Fueled by his commitment to social justice, Gareth Henry stands up for the rights of LGBTQ people around the world.
By Sarah Liss
For Gareth Henry, altruism is less a choice than a vocation—he’s perpetually, inevitably drawn to opportunities to help others. Gareth arrived in Toronto as a refugee in 2008, fleeing persecution and certain death as a prominent out gay man in his home country of Jamaica. Since then, he has committed himself to improving the lives of others. The 41-year-old activist and advocate has worked to connect members of marginalized groups with vital resources (at The 519, a community centre that advocates for LGBTQ people, and at Kids Help Phone) and he’s currently the director of programs and services at the Toronto People With AIDS Foundation (PWA). In 2009, he joined Rainbow Railroad—first as a volunteer and now as senior program officer—to help bring LGBTQ folks fleeing violence and persecution in their home countries to safety. Since then, he has worked with and supported more than 350 individuals from the Caribbean seek asylum in Canada, the U.S. and Europe.

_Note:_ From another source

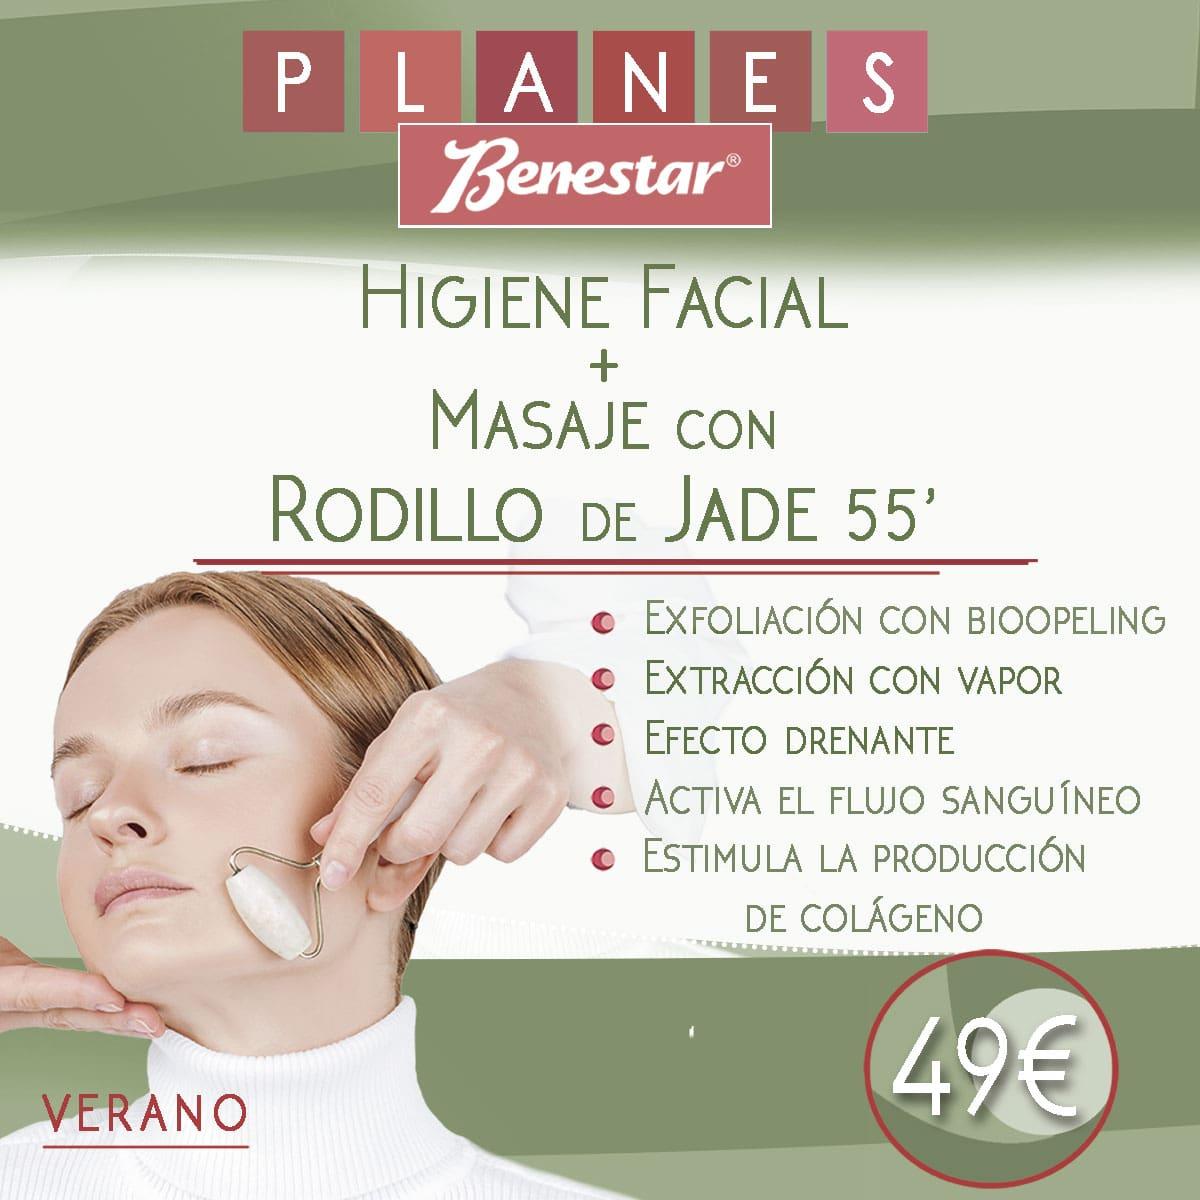 centro-estetica-benestar-higiene-facial-masaje-rodillo-jade

While growing up in St. Mary, in northern Jamaica, Gareth started to feel compelled to care for others around the same time he was becoming aware that he was gay. That was in 1985, at the age of eight. “I’ll always remember that summer,” he recalls. “I was trying to locate myself, to find the space where I could be accepted.”
For a queer kid being raised in an intensely homophobic culture, that process of self-discovery was inflected with anxiety and confusion. Gareth describes watching a football coach in his community who was rumoured to be gay dodge items that were thrown at him as he walked to his office. “He was known as a batty man [Jamaican slang used to refer to a gay man]. My mom and stepdad would say, ‘Don’t become like him!’ People would warn, ‘Cross the street when you see him! Don’t go close to him! Don’t let him touch you!’ I knew that wasn’t right,” Gareth says, “but I also didn’t want that to happen to me.”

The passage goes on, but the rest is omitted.